Autoformalizer: Build math proofs in Lean with LLMs

I built a project called Autoformalizer, which is a simple Python tool that builds verifiable proofs for simple math theorems in Lean 4.

Autoformalizer is a system that passes natural language proof statements to an LLM to iteratively build a formal proof, then passes the proof to the Lean compiler to verify its correctness. It also automatically retries failed proof attempts with intelligent prompting using the error messages from Lean.

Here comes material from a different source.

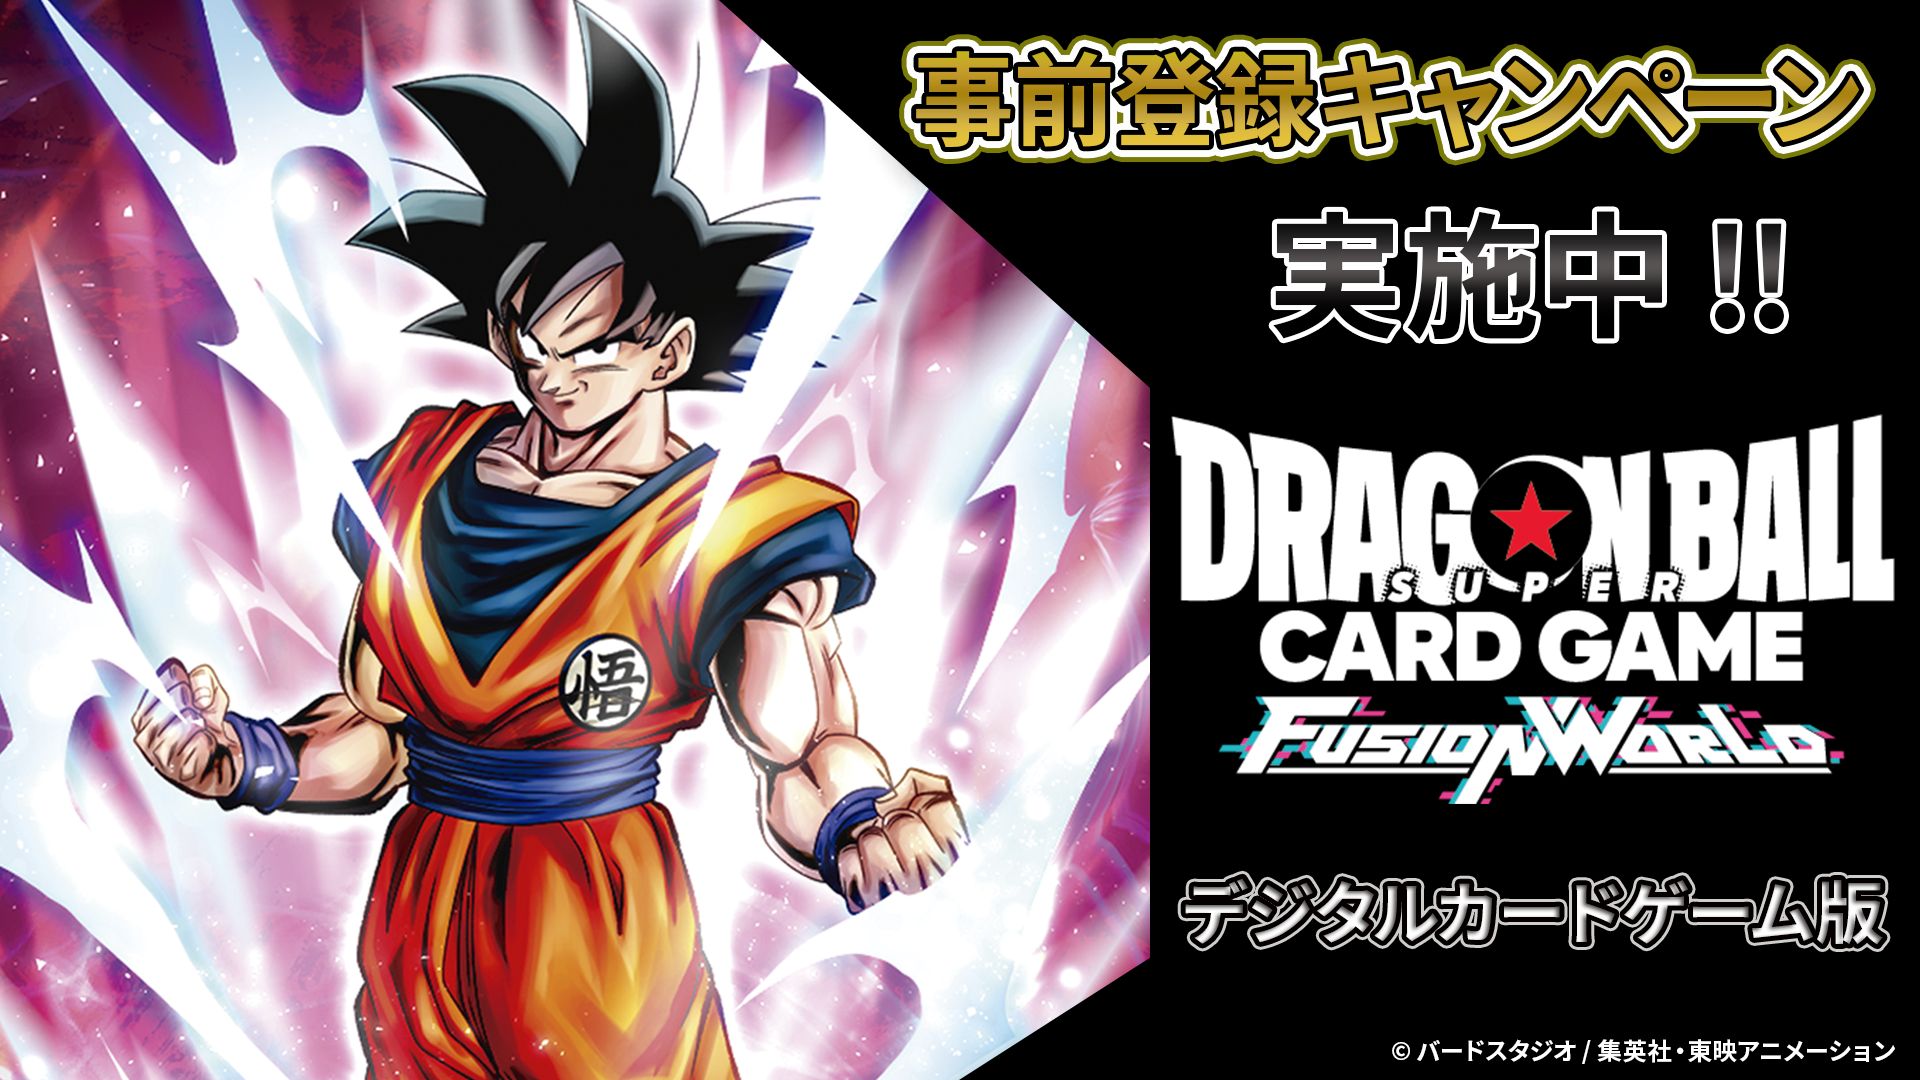 ¡Campañas previas al lanzamiento de la versión digital de DRAGON BALL SUPER CARD GAME Fusion World!

This was an incredibly fun and satisfying project! I’ve been interested in pure math recently after half a decade being away from the math of my undergraduate engineering degree. Plus, it was my first foray into building eval systems for LLMs.

You can check out the full project on GitHub.

Results

As of today, Autformalizer successfully proves 24 out of 26 simple theorems from an unseen test set, using Grok-4-fast.

On the first attempt, it only proves 11/26, but this increases to 24/26 using up to 4 retries, which shows the intelligent re-prompting upon errors is effective.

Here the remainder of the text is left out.